A cidade dorme e os dramas não descansam

Daslan Melo Lima

         Era uma dessas noites onde o sono demora a chegar, uma noite fria do inverno alagoano, numa época onde as mães colocavam os filhos para dormir cedo.  E foi numa noite assim que ouvi uma canção cujo som vinha da Amplificadora Municipal, um anexo da Prefeitura, onde o locutor Manoel Alemão divulgava sucessos musicais e assuntos de interesse da coletividade, transmitidos através de alto-falantes espalhados pelo centro da cidade. Não tinha televisão e as opções de lazer eram mínimas.
      “Silêncio na noite /está tudo calmo / a cidade dorme /ambição descansa...” A voz feminina cantava um canto longo e dramático. Eu não conseguia entender tudo, mas o início da canção ficou gravado para sempre nas minhas recordações.
     Talvez, naquele momento, eu fosse a única criança que ainda não tinha pegado no sono. Impaciente com as gotas d’água que caiam das telhas. Desejando muito possuir o que quase todos os meus colegas do Grupo Escolar Carlos Lyra tinham: um par de galochas e um casaco de frio, para que meus pés e meu corpo estivessem quentes quando eu fosse para as aulas nos dias chuvosos.
       Numa dessas últimas noites do inverno pernambucano, antes de dormir, fui pesquisar sobre aquela música na Internet.  Descobri que se tratava de Silêncio,  um tango argentino de Carlos Gardel (1890-1935).   “Silencio en la noche / ya todo esta en calma / el musculo duerme / la ambicion descansa (...) / Silencio en la noche / Silencio en las almas.” 

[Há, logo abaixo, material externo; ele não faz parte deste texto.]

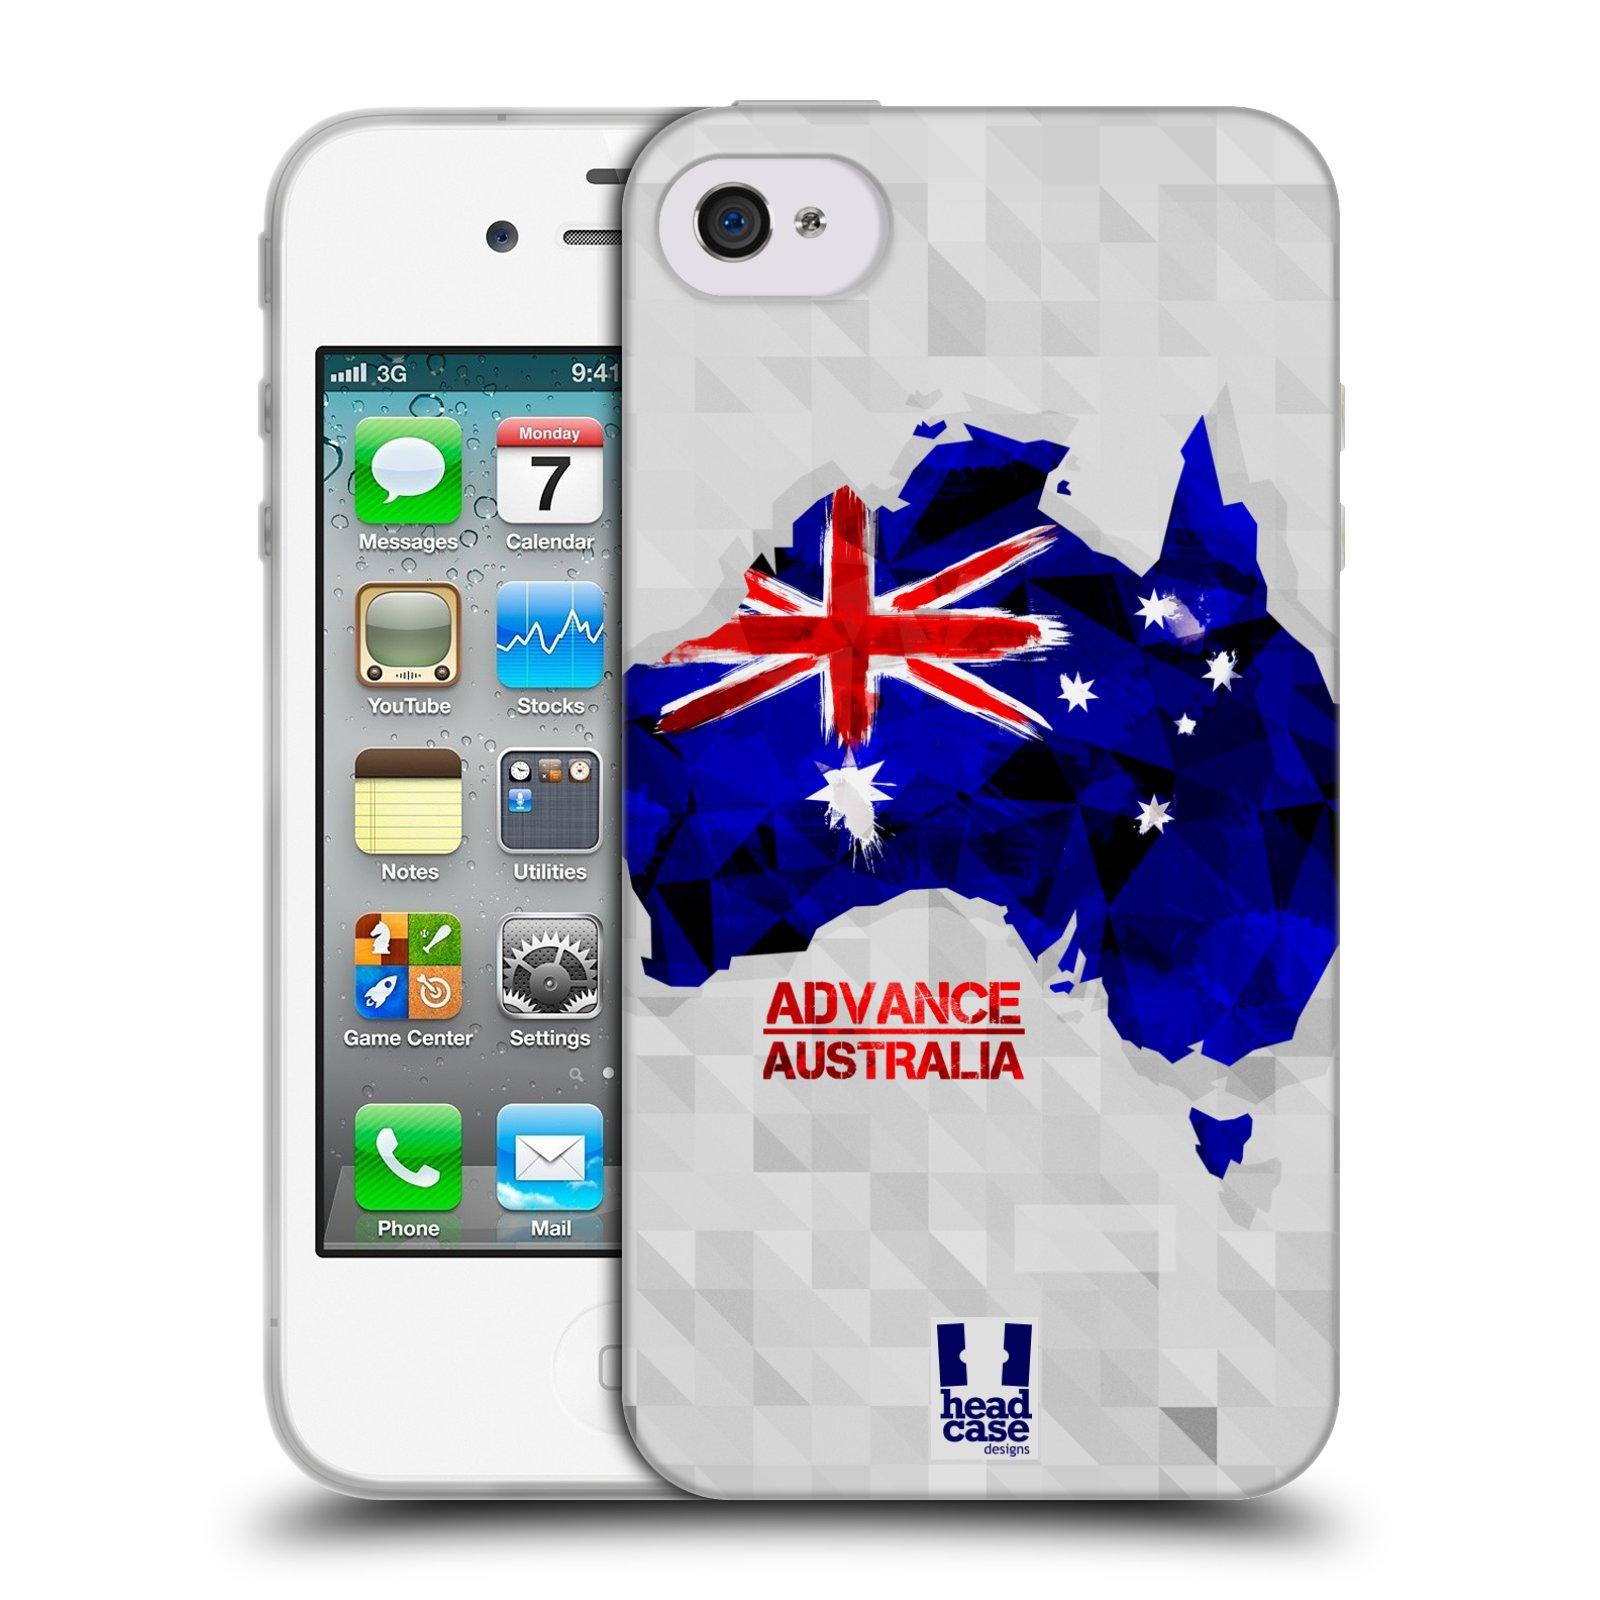 Silikonové pouzdro na mobil Apple iPhone 4 a 4S HEAD CASE GEOMAPA AUSTRÁLIE (Silikonový kryt či obal na mobilní telefon Apple iPhone 4 a 4S)

         Desliguei o computador e fui para o terraço da minha casa, onde se vê ao longe as casinhas simples de uma das encostas do Alto do Cruzeiro, um dos três morros de Timbaúba.  Chovia lá fora. Meditando sobre um tempo que se foi, para sempre se foi, não contive minhas lágrimas. Em algumas daquelas casinhas poderia estar algum garoto igual ao menino que um dia eu fui, sem poder dormir, impaciente com os pingos da chuva caindo dentro de casa, sonhando com agasalhos para os pés, para o corpo, para a alma...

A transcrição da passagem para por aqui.